__Requirement__:
The data below should be printed in full, exactly, and without any of its images.

──────── Given data ────────

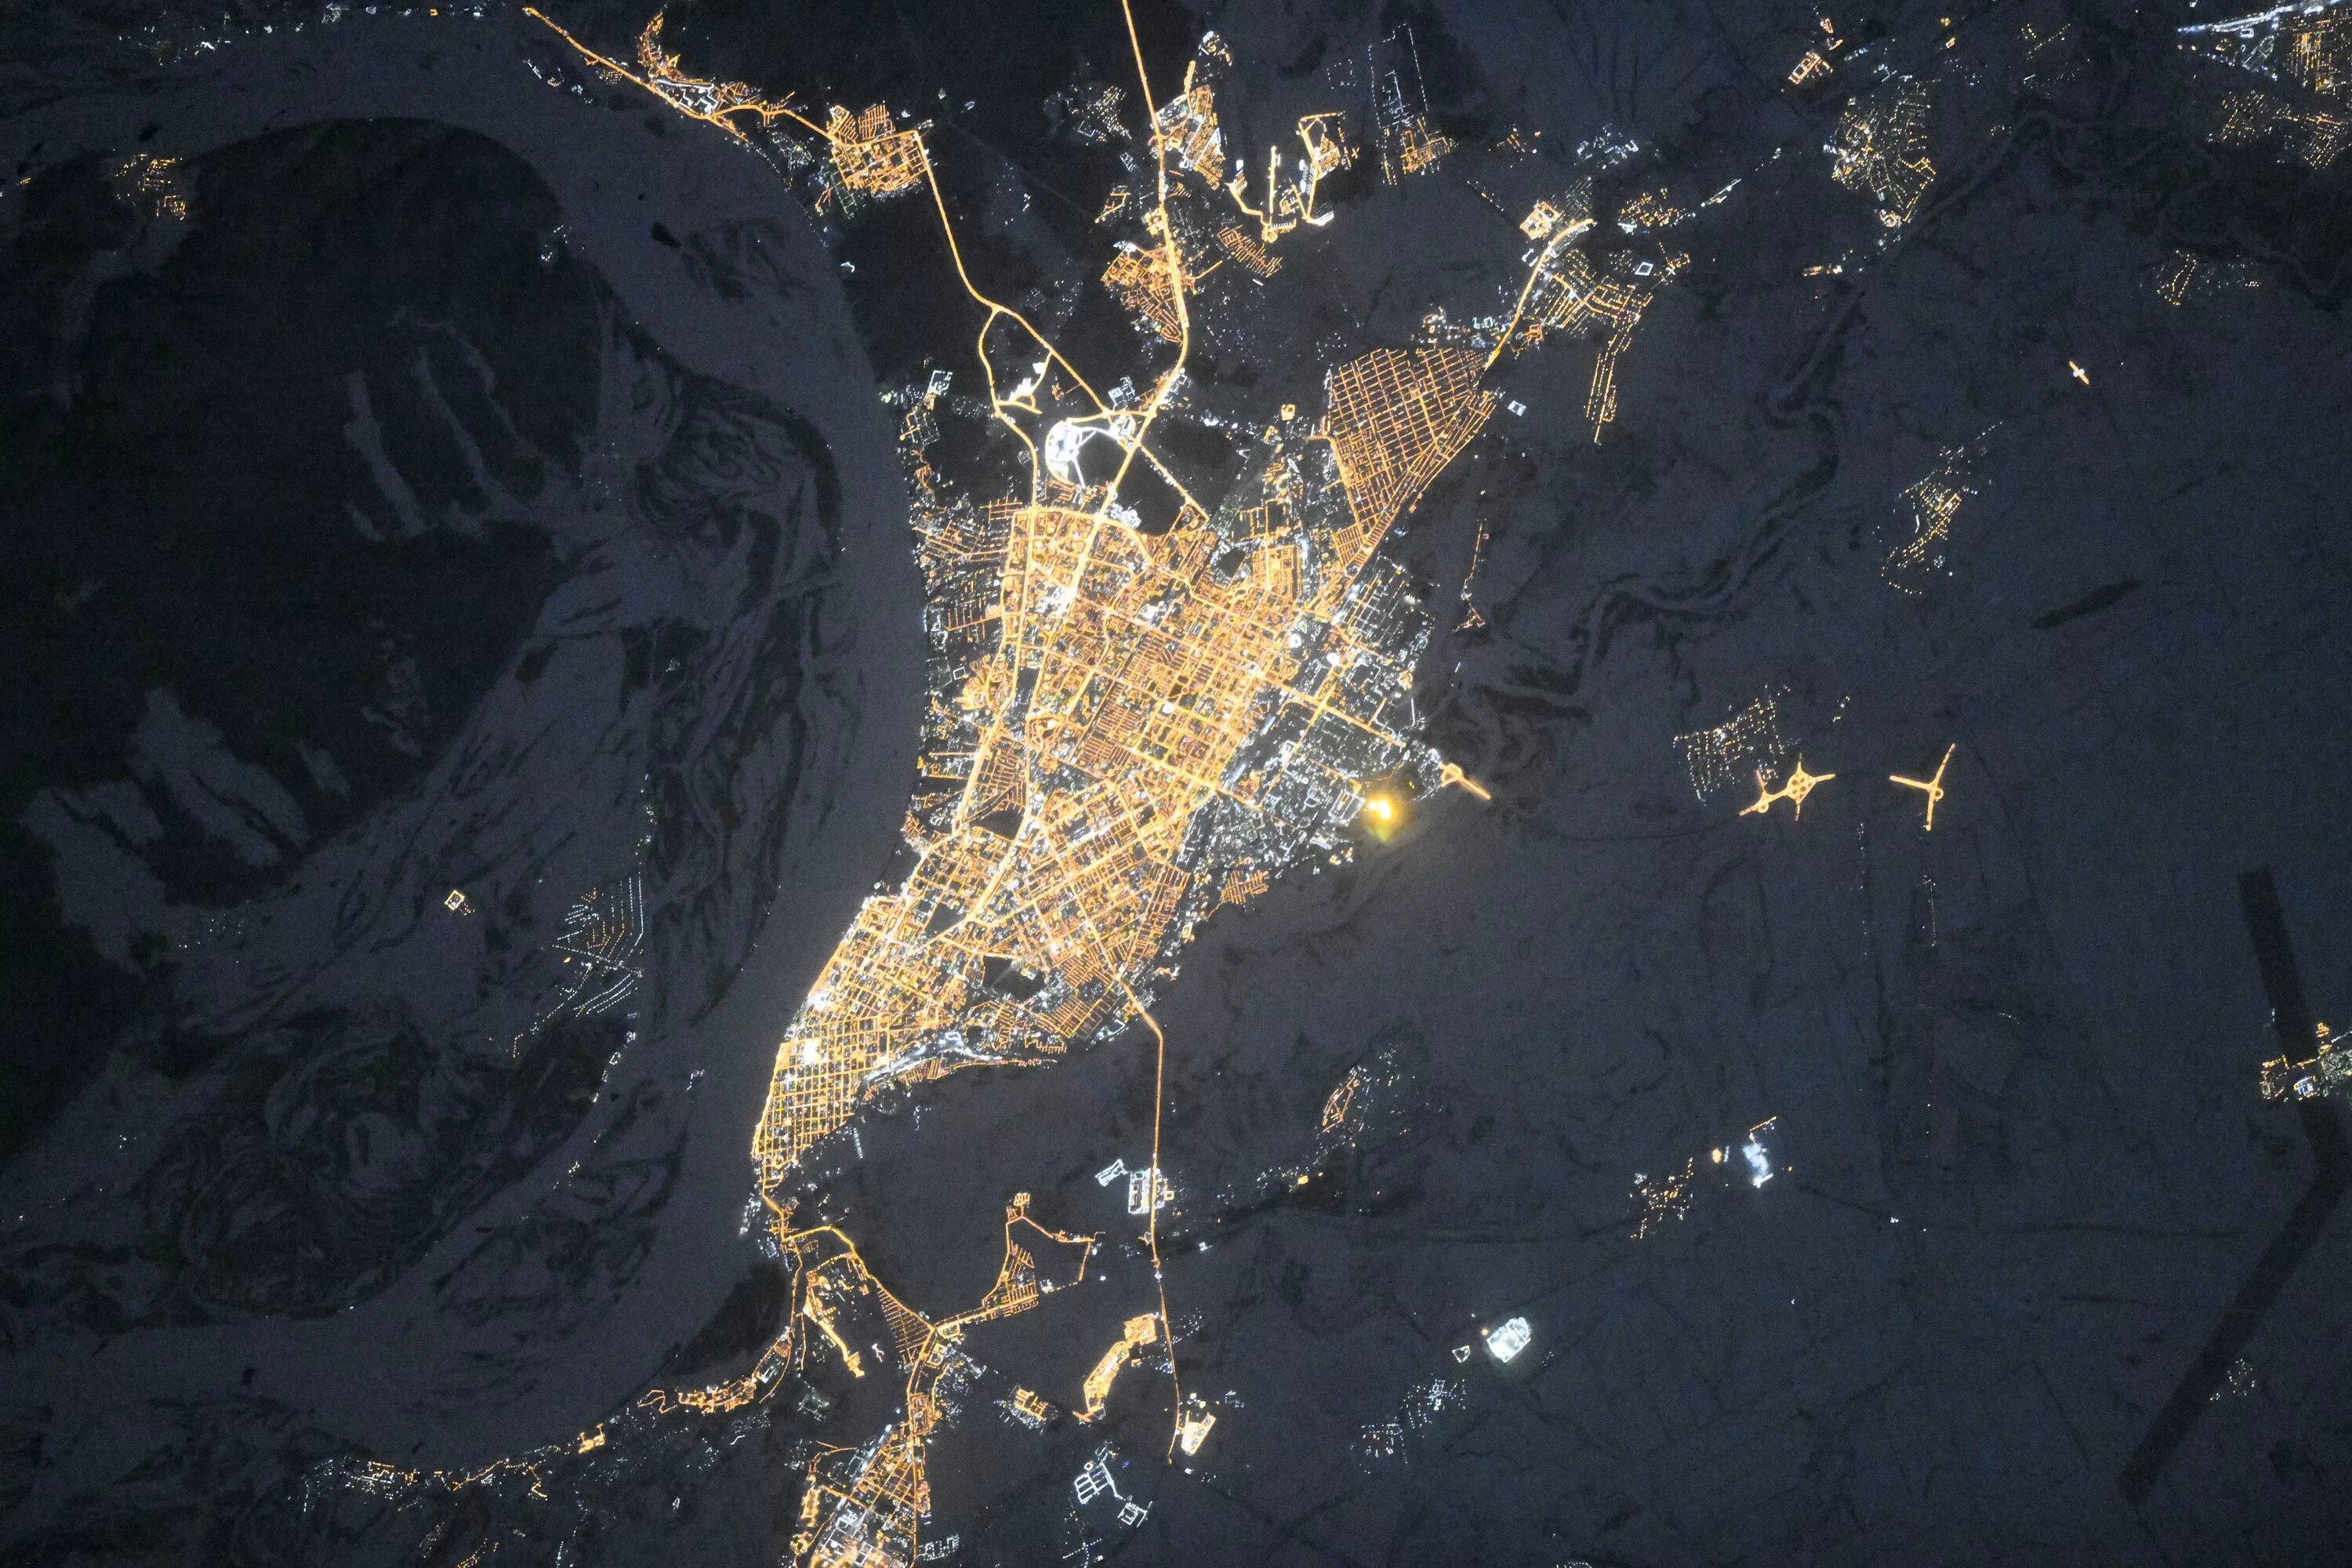 Границы в реальном времени. Снимок Самары из космоса. Ночной снимок из космоса город Самара. Космические снимки. Город в космосе.
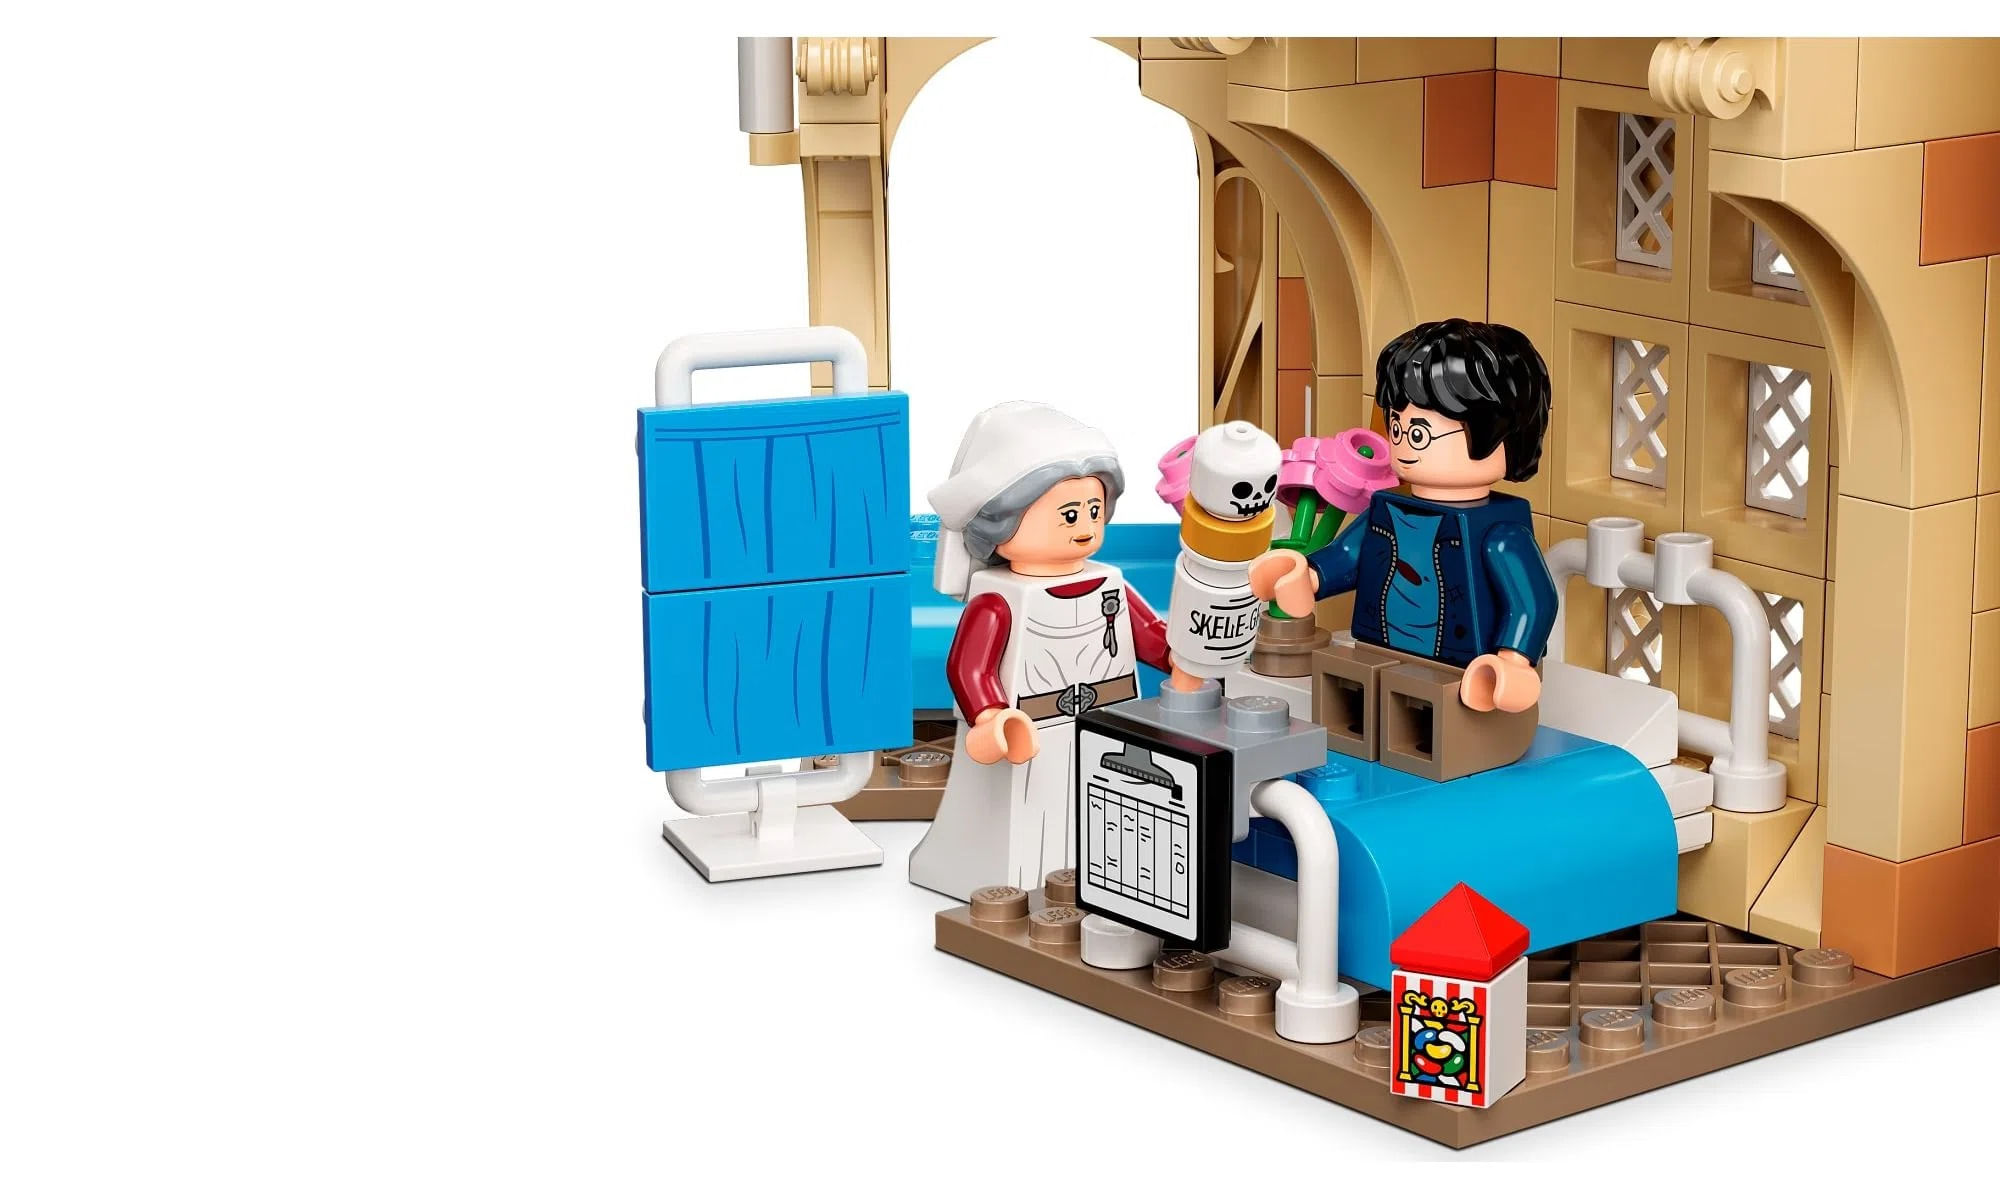 Lego Harry Potter Xadrez Dos Feiticeiros De Hogwarts - Brinquedos
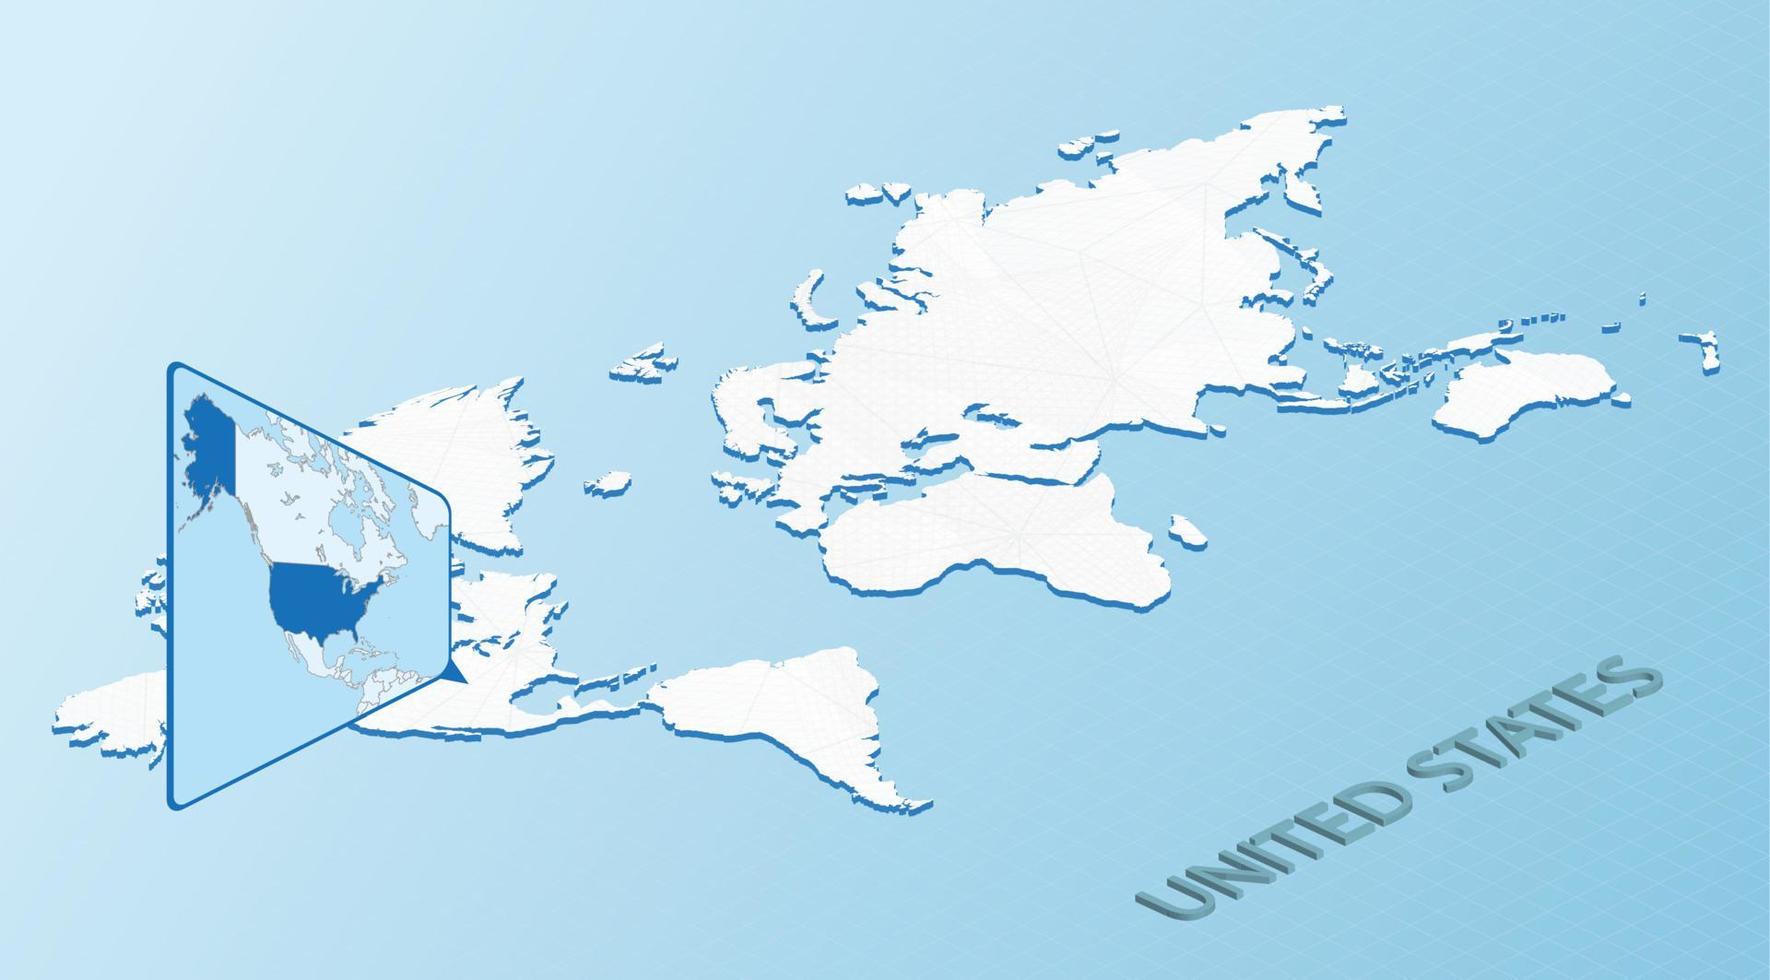 mapa-múndi em estilo isométrico com mapa detalhado dos eua. mapa dos eua azul claro com mapa-múndi abstrato. vetor

────────

__Solution to this exercise__:
 Границы в реальном времени. Снимок Самары из космоса. Ночной снимок из космоса город Самара. Космические снимки. Город в космосе.
 Lego Harry Potter Xadrez Dos Feiticeiros De Hogwarts - Brinquedos
 mapa-múndi em estilo isométrico com mapa detalhado dos eua. mapa dos eua azul claro com mapa-múndi abstrato. vetor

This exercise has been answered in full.